Since you mention it, I guess being a Texan probably is a 'state of mind' kind of thing.

Mostly, people who liked where they lived before coming here, and talk about it a lot, don't make friends with the 'locals' all that well, because they are perceived as wanting to change Texas to the place they left. The ones who stay usually stay because they understand and appreciate the humor, the 'tongue in cheek' exaggerations, and the steadfastness in keeping simple things simple. Of course, this is probably true of any southern or western state that has a predominantly rural type culture.

A 'furriner' who talks loud and long will eventually find himself talking to nobody but himself, or maybe even run afoul of some ******* who fails (or refuses) to understand that he really doesn't mean any harm. We have as many of them (per capita) as any other place, and even the more polite folks can achieve that level of unreasonableness, if provoked.

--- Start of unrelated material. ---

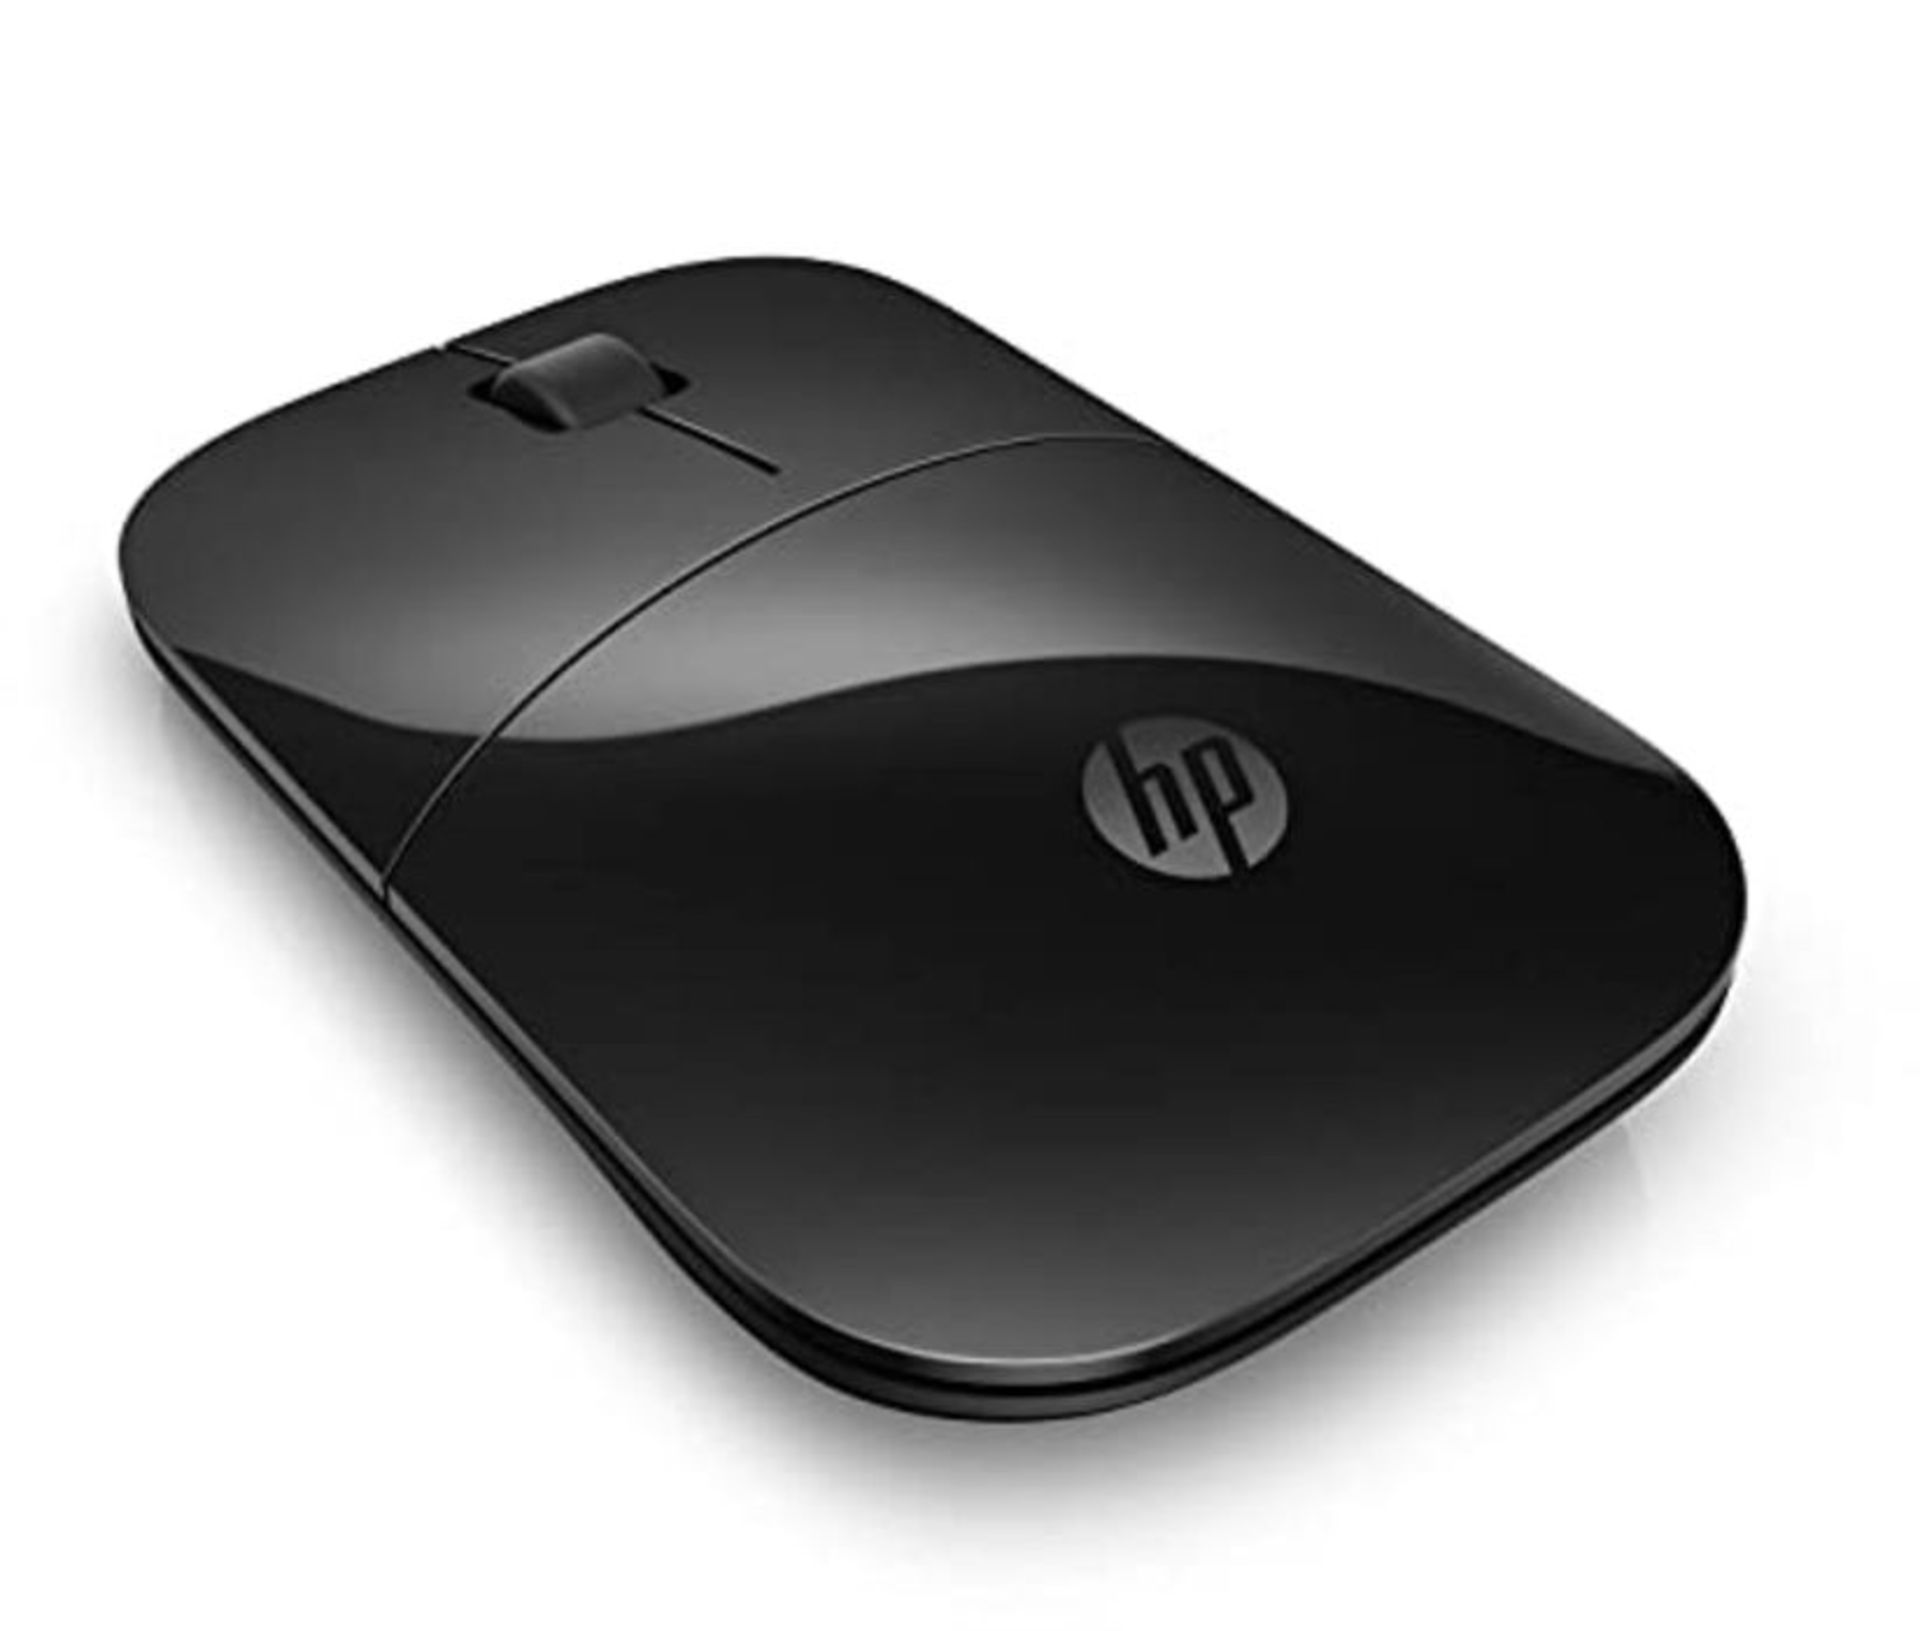 HP Z3700 Black 2.4 GHz USB Slim Wireless Mouse with Blue LED 1200 DPI Optical Sensor,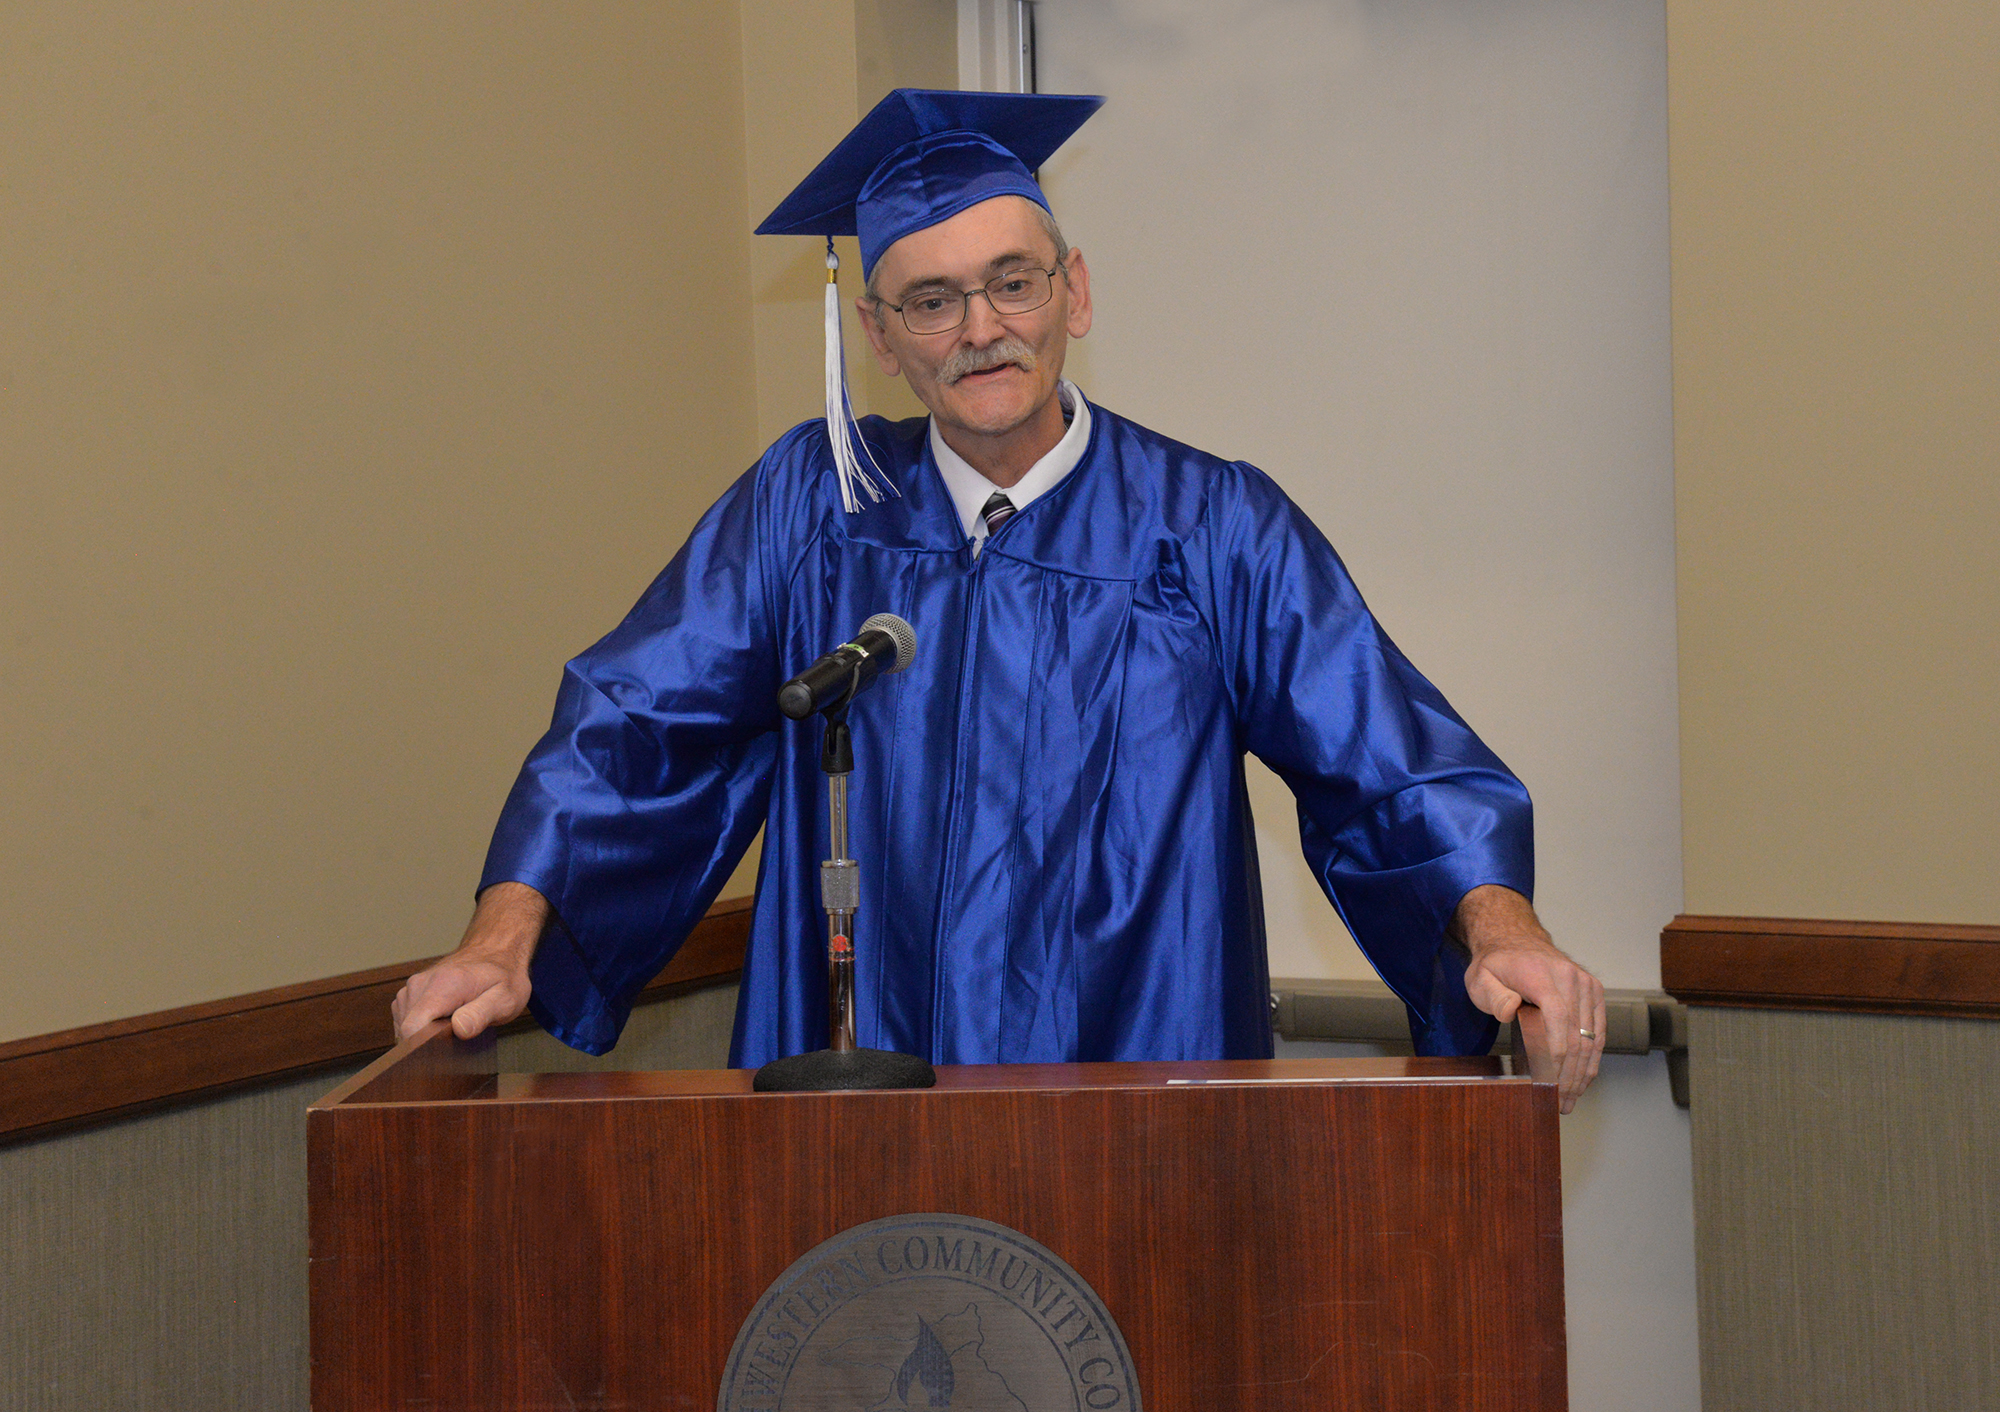 George DeWitt address the crowd during SCC’s High School Equivalency graduation ceremony on Jan. 11 in Sylva.

Assimilation into any conservative, or really, _any_ 'rural' culture requires more listening than talking, until you have been accepted as a sensible person.


----------



## Thateus (Feb 12, 2015)

I hear ya.
One of the big issues with me was the two seasons. Warm & Hot.
And the racism I experience from the Hispanic coalition. If people think Whites are racist they ain't lived around too many Chicanos.
And plus it was difficult to get work from the White boss's who favored the across the border nationals as it where.
I just thought I'd never end up down there again, I had been there in the 1970's and didn't like it.
Anyway to each their own.


----------



## hillman (Jul 27, 2014)

Bisley said:


> Since you mention it, I guess being a Texan probably is a 'state of mind' kind of thing.
> 
> Mostly, people who liked where they lived before coming here, and talk about it a lot, don't make friends with the 'locals' all that well, because they are perceived as wanting to change Texas to the place they left. The ones who stay usually stay because they understand and appreciate the humor, the 'tongue in cheek' exaggerations, and the steadfastness in keeping simple things simple. Of course, this is probably true of any southern or western state that has a predominantly rural type culture.
> 
> ...


(Re the bolded text) That's the deal. It's how it works in Vermont, New Hampshire, North Carolina and East Texas. The other rural places I don't know about first hand.


----------



## hud35500 (May 8, 2010)

We need to keep this in mind when Chris Christie announces his bid for the Republican nomination. He's not what this country needs!


----------



## Thateus (Feb 12, 2015)

... and either is a Jeb Bush.
(but heaven forbid hilbill)


----------



## tony pasley (May 6, 2006)

around here the outsiders say" well that not how we did it back home" are reply "is then this is how we do it" don't like go home


----------



## desertman (Aug 29, 2013)

hud35500:


> We need to keep this in mind when Chris Christie announces his bid for the Republican nomination.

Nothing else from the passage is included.